Task to carry out ->
What is needed is a verbatim copy of the data, minus the pictures.

Collected data ->
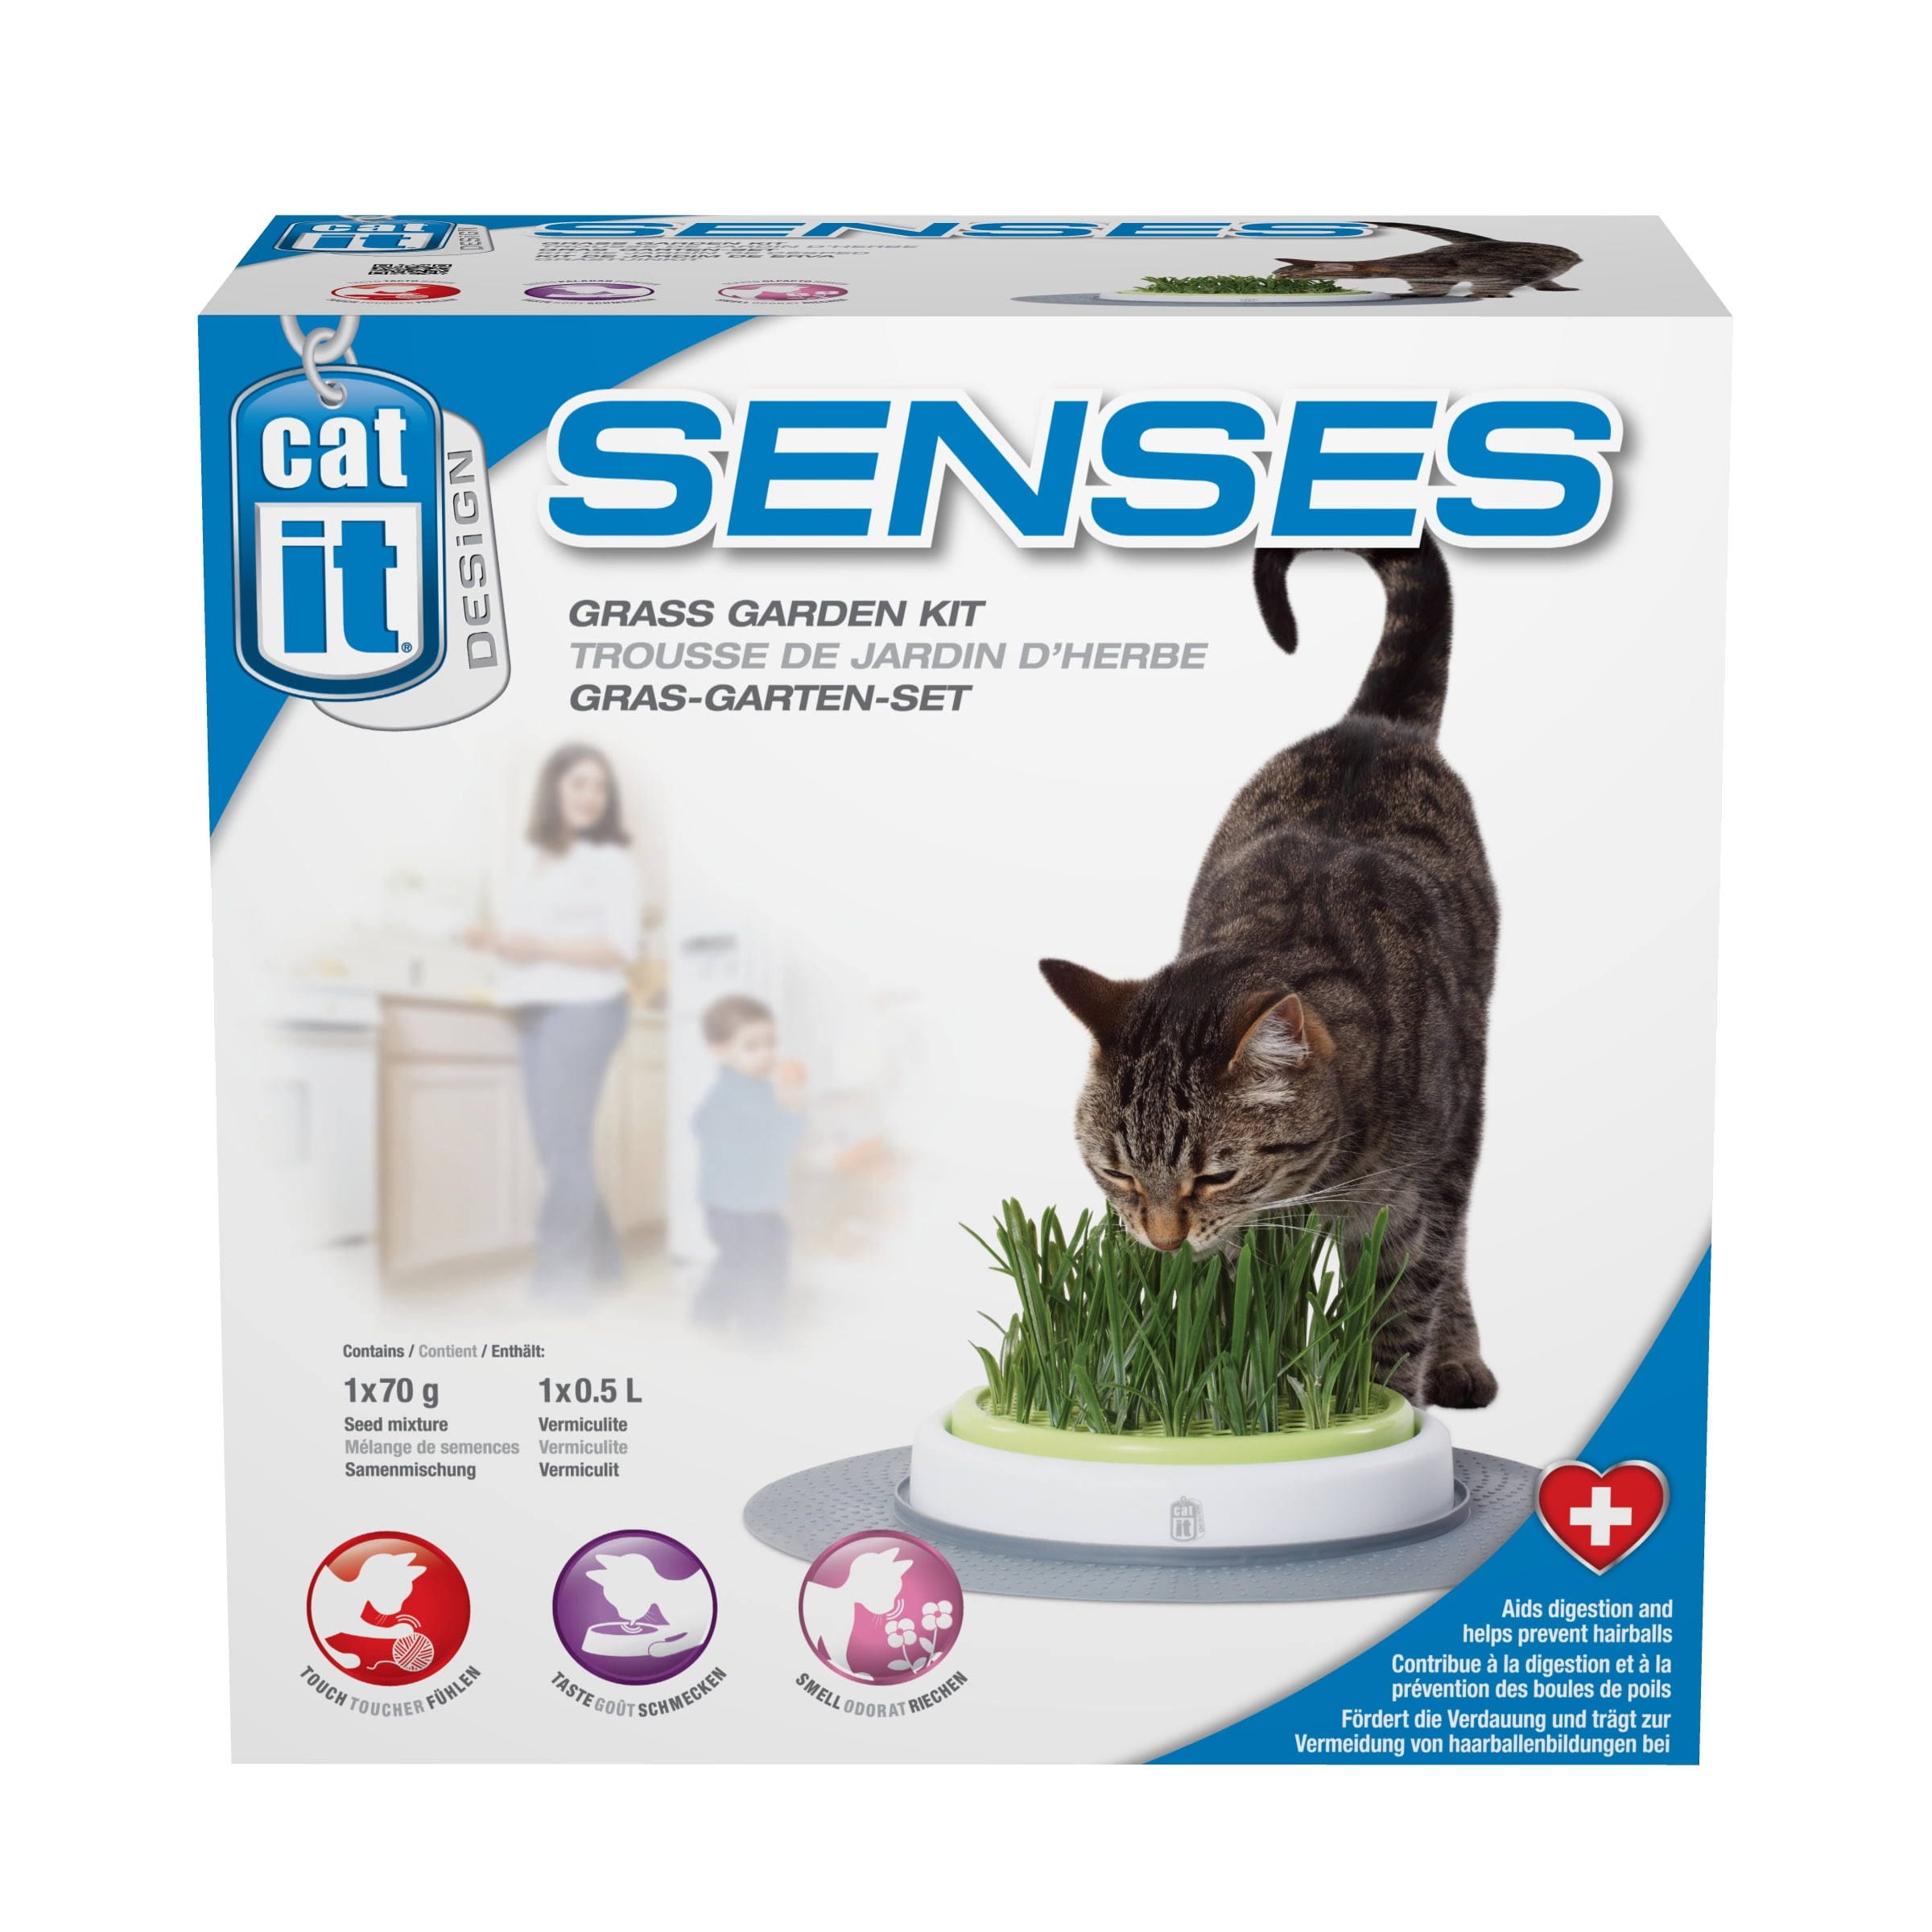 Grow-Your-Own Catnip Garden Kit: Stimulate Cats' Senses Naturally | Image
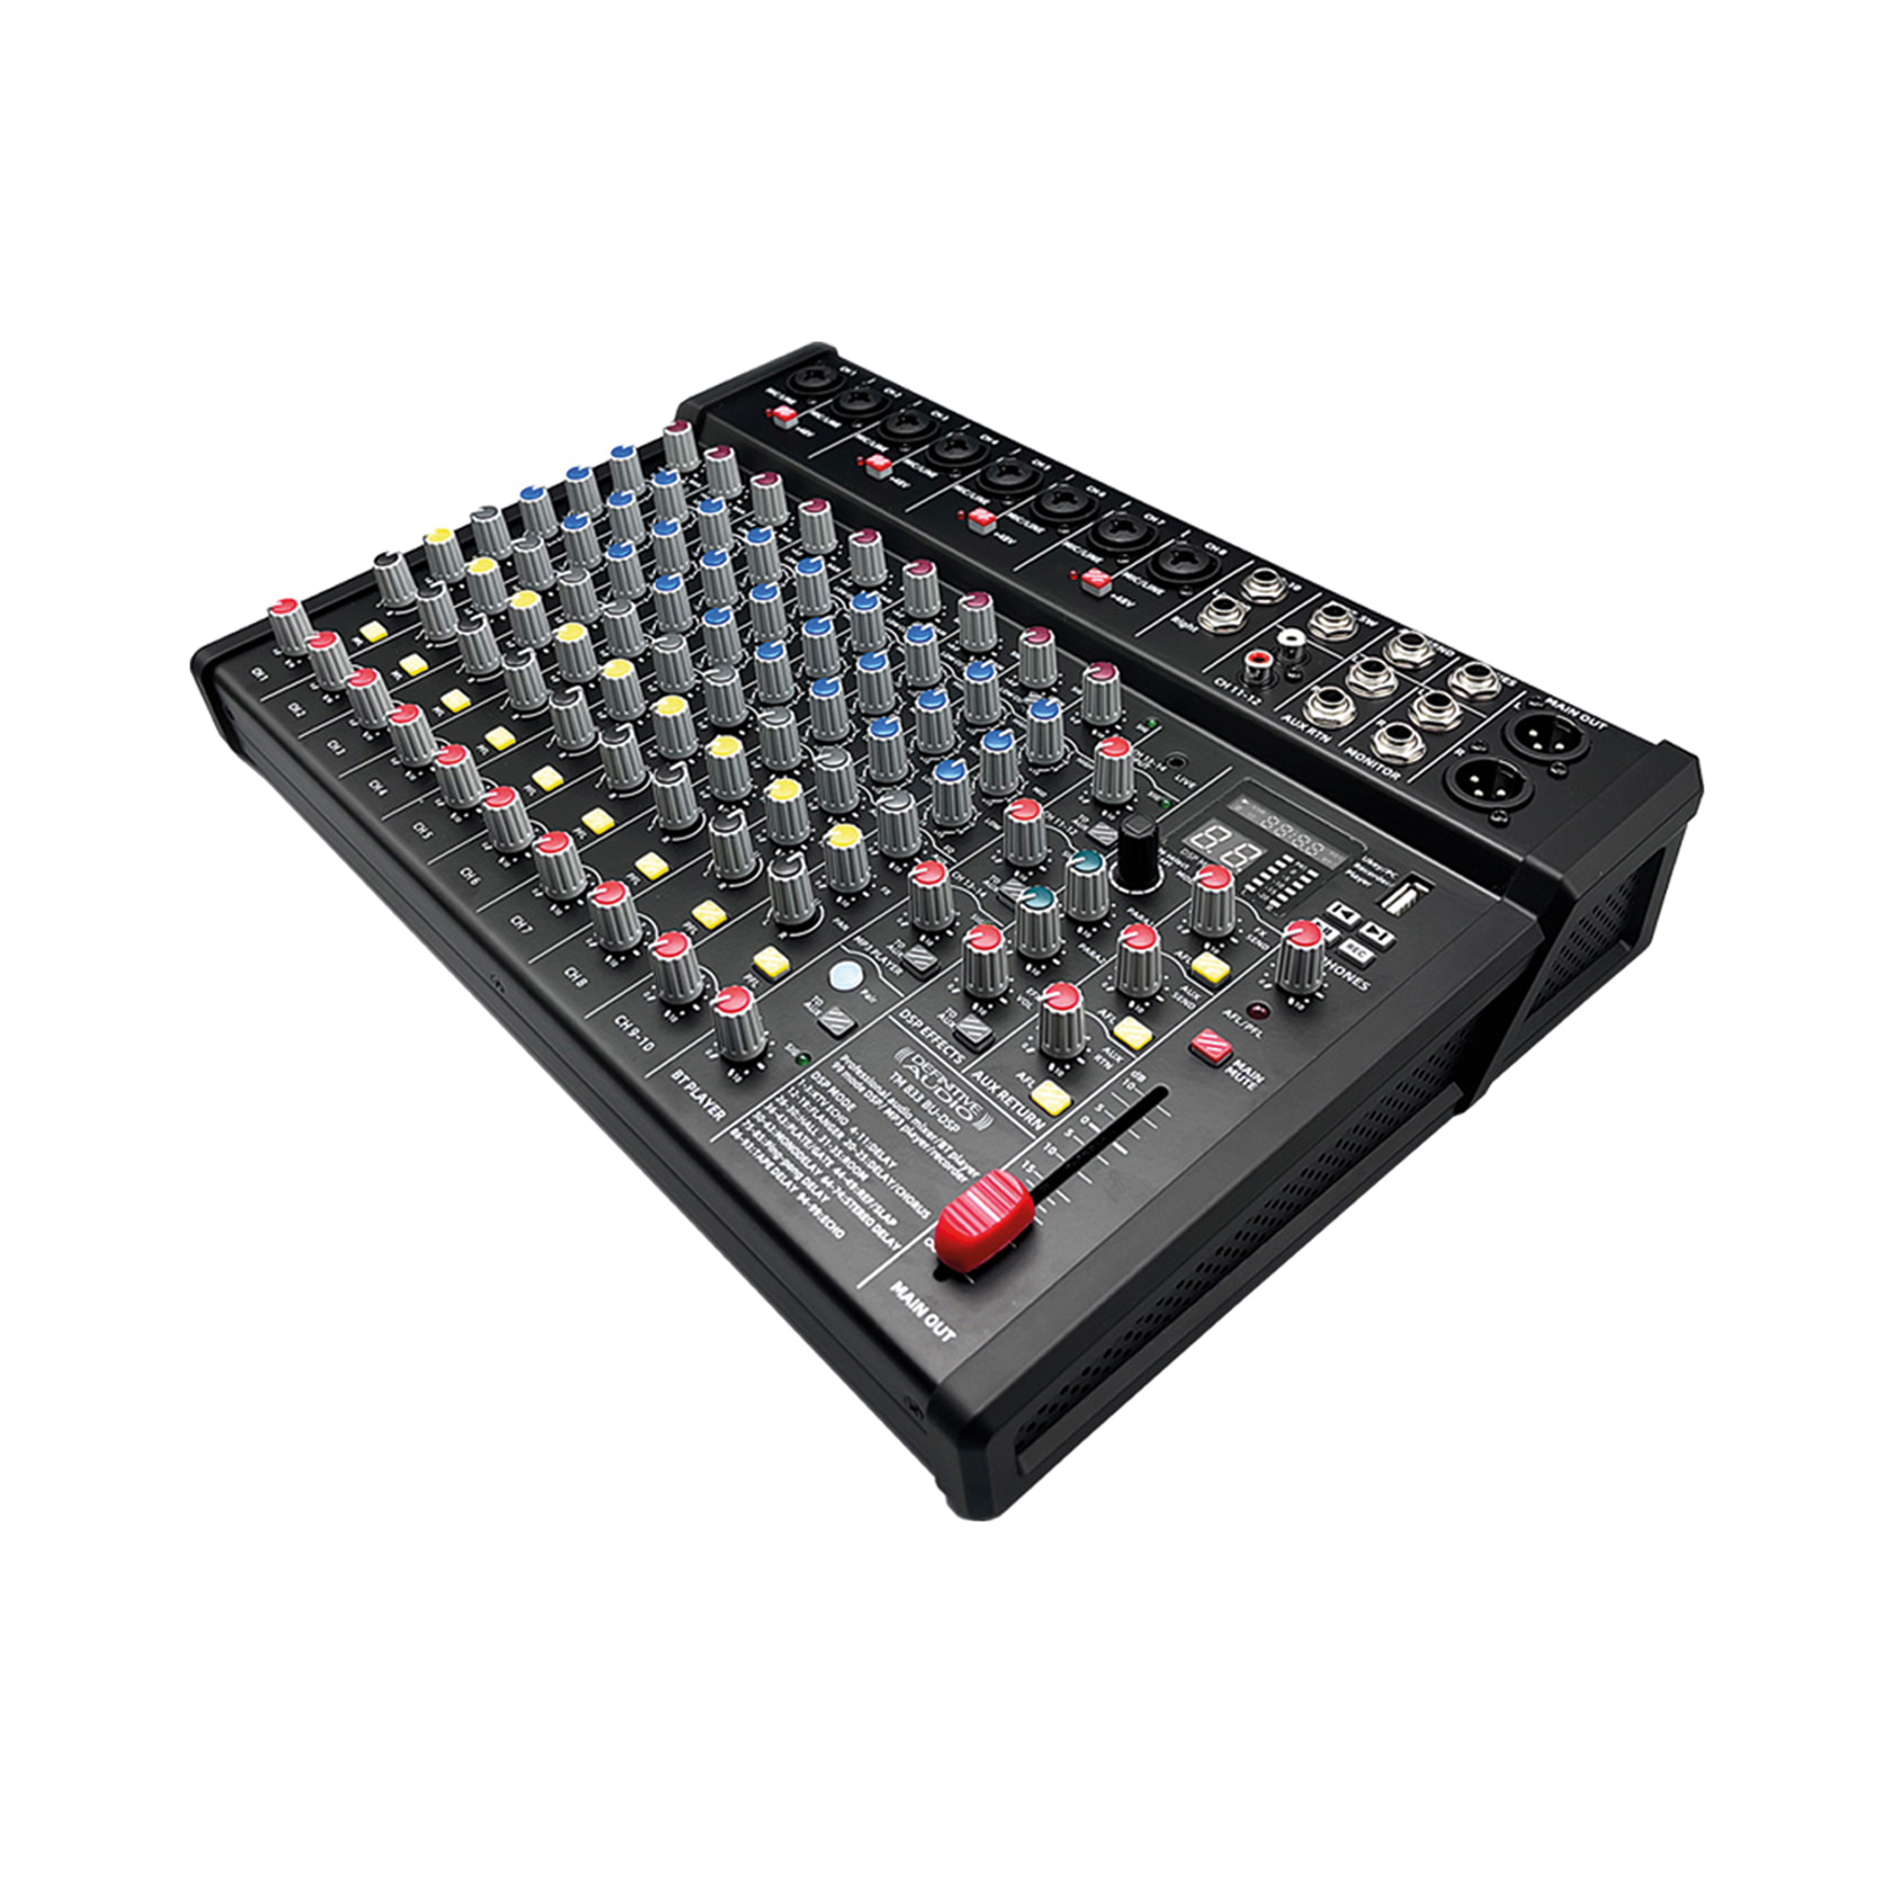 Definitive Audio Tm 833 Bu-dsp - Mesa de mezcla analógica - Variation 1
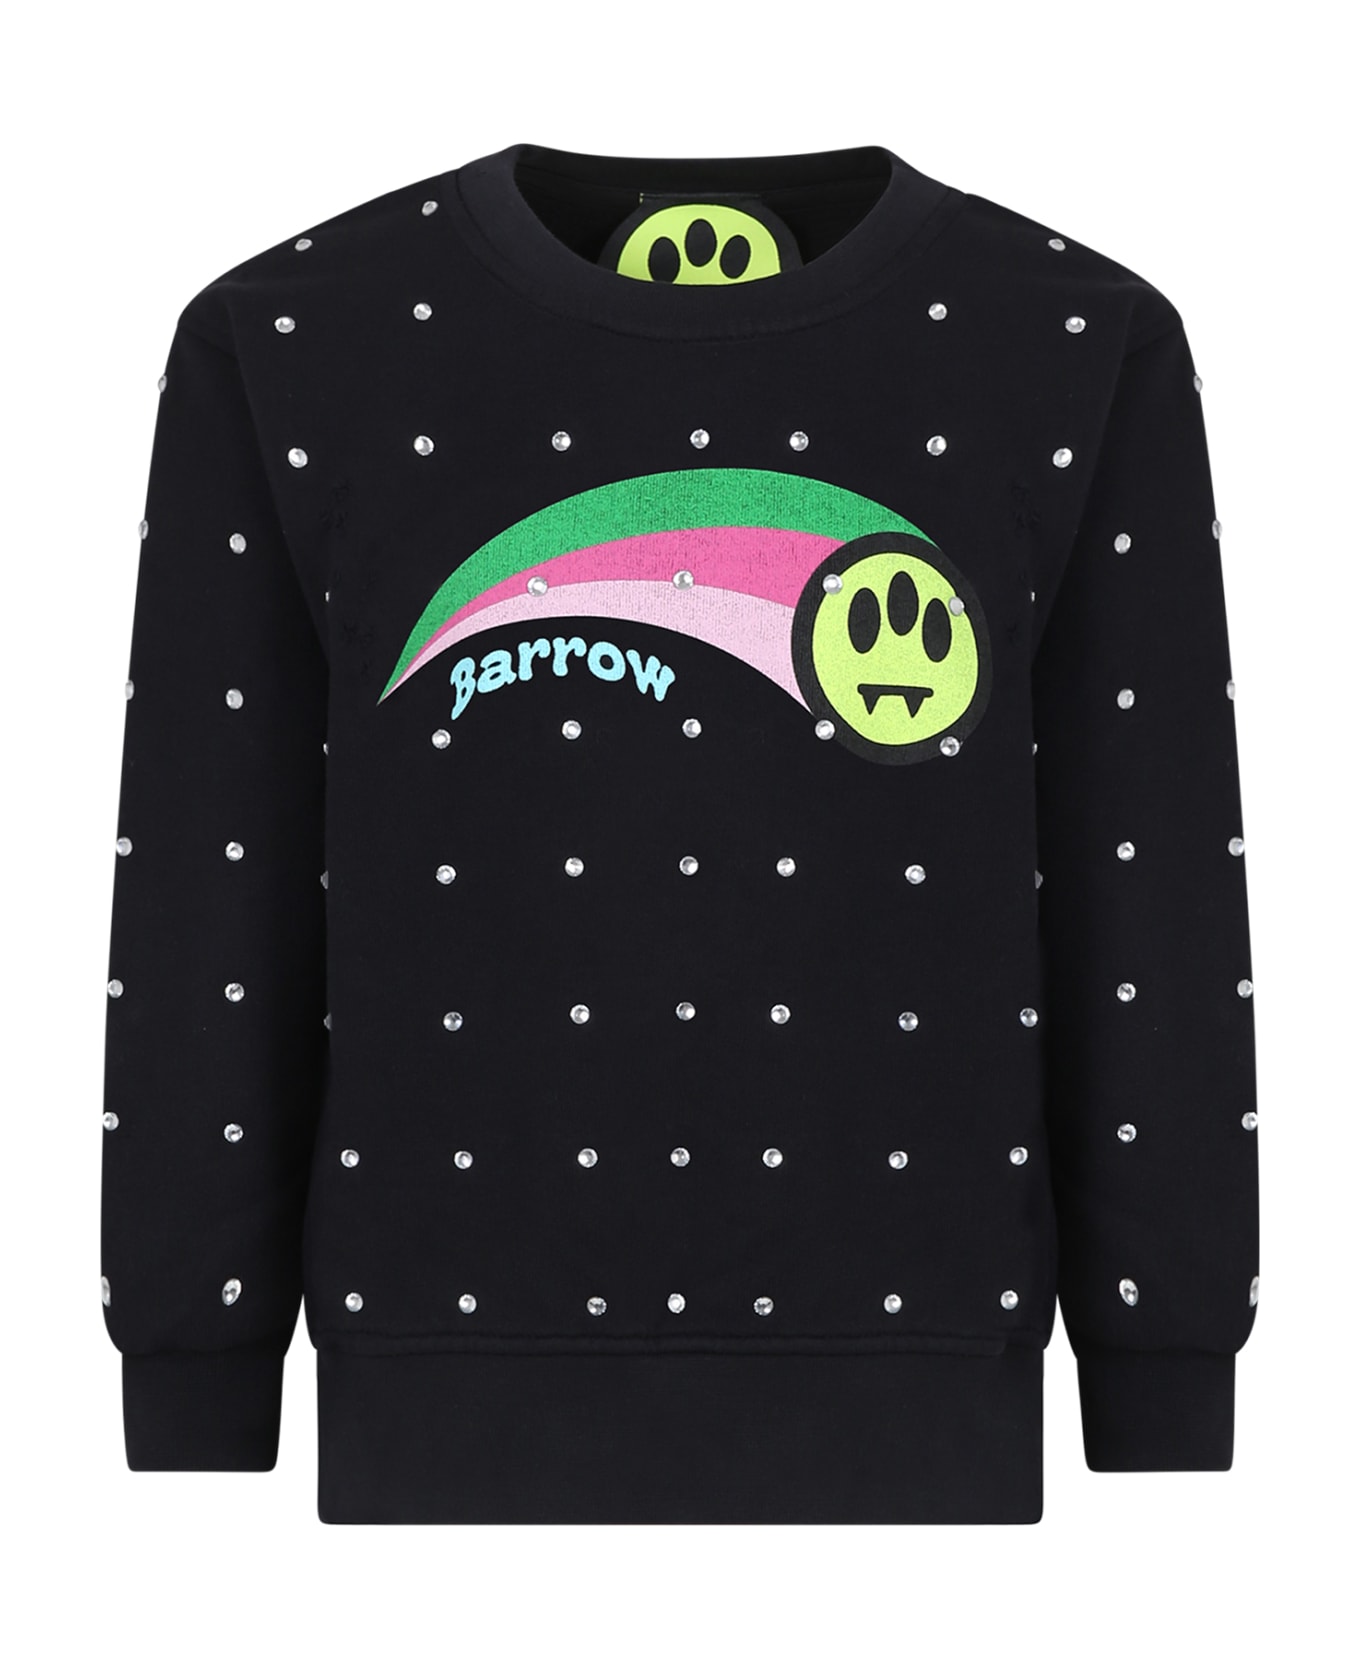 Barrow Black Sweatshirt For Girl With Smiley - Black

Result of this task ->
 Grow-Your-Own Catnip Garden Kit: Stimulate Cats' Senses Naturally | Image
 Definitive Audio Tm 833 Bu-dsp - Mesa de mezcla analógica - Variation 1
 Barrow Black Sweatshirt For Girl With Smiley - Black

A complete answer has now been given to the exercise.